Thanks, let me see how I get on with this and I will report back to you.
Frank
It seems we are using out own certificate for this. which has made me very reluctant to issue new SSL for all the hosts. I don't know enough about how SSL is used in vSphere, and I'm concerned that I may negatively effect the live hosts.
Does anyone know a way that I could fix this one host?
Based on the cert contents you posted, you are not using custom certificates for the ESXi hosts although you may be using custom certs for the machine cert of the vCenter. If you would like to open a support case with both Veeam and VMware, you're welcome to proceed.
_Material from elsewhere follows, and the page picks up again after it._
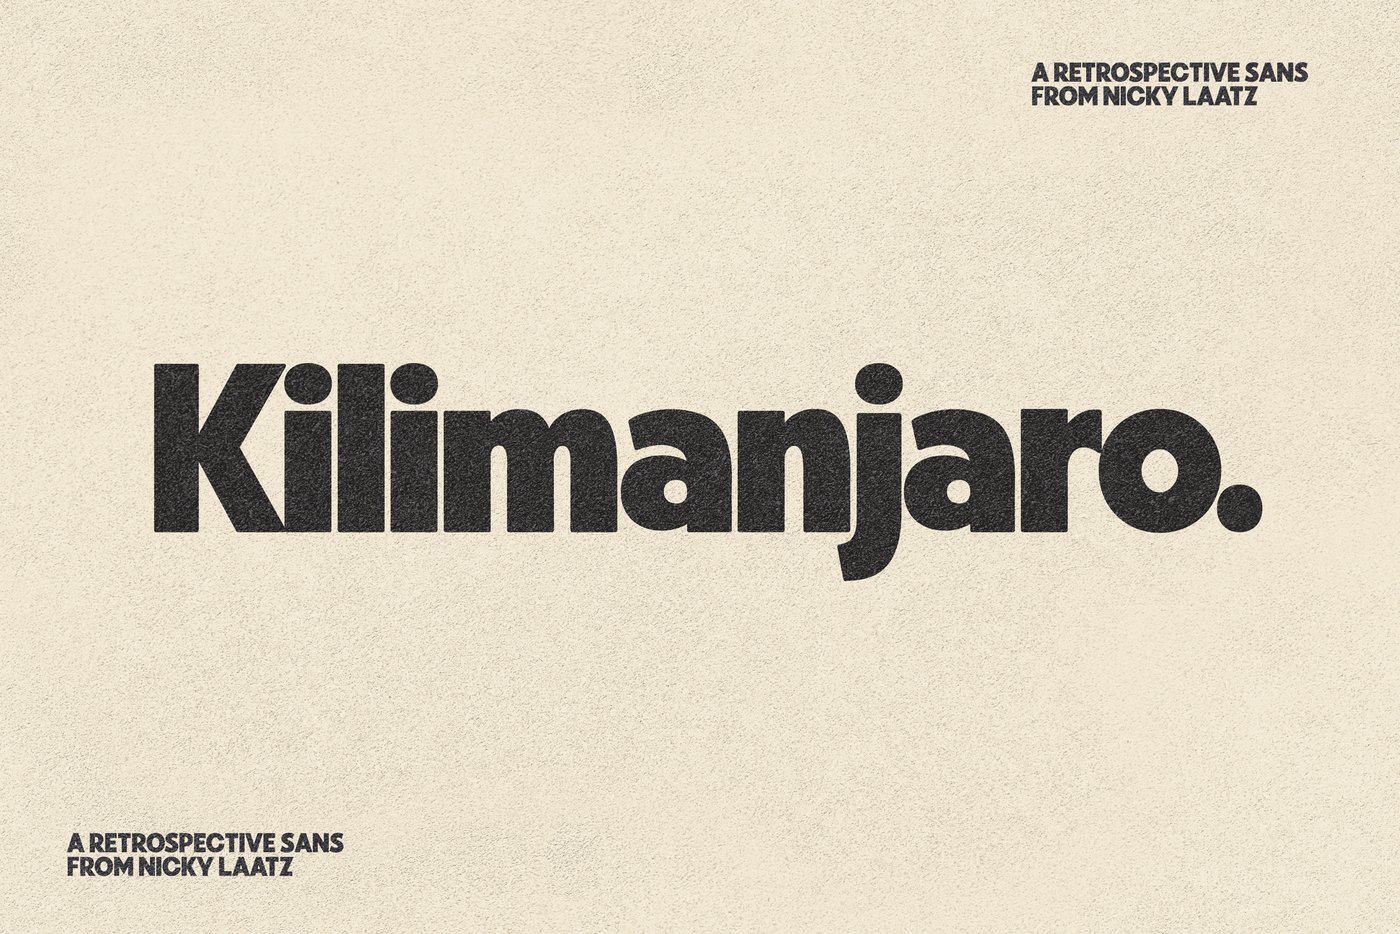 Kilimanjaro Sans main product image by Nicky Laatz

I have already raised a ticket with Veeam, and there response was "this is a VMware issue", which i think is fair enough. I believe that your solution is probably the right one, I'm just reluctant to make this change as i don't really understand what this certificate is doing, and therefor the effect of reissuing it to the live nodes.
I have kicked it back to the consultation company that built the cluster for us. Hopefully they can resolve it.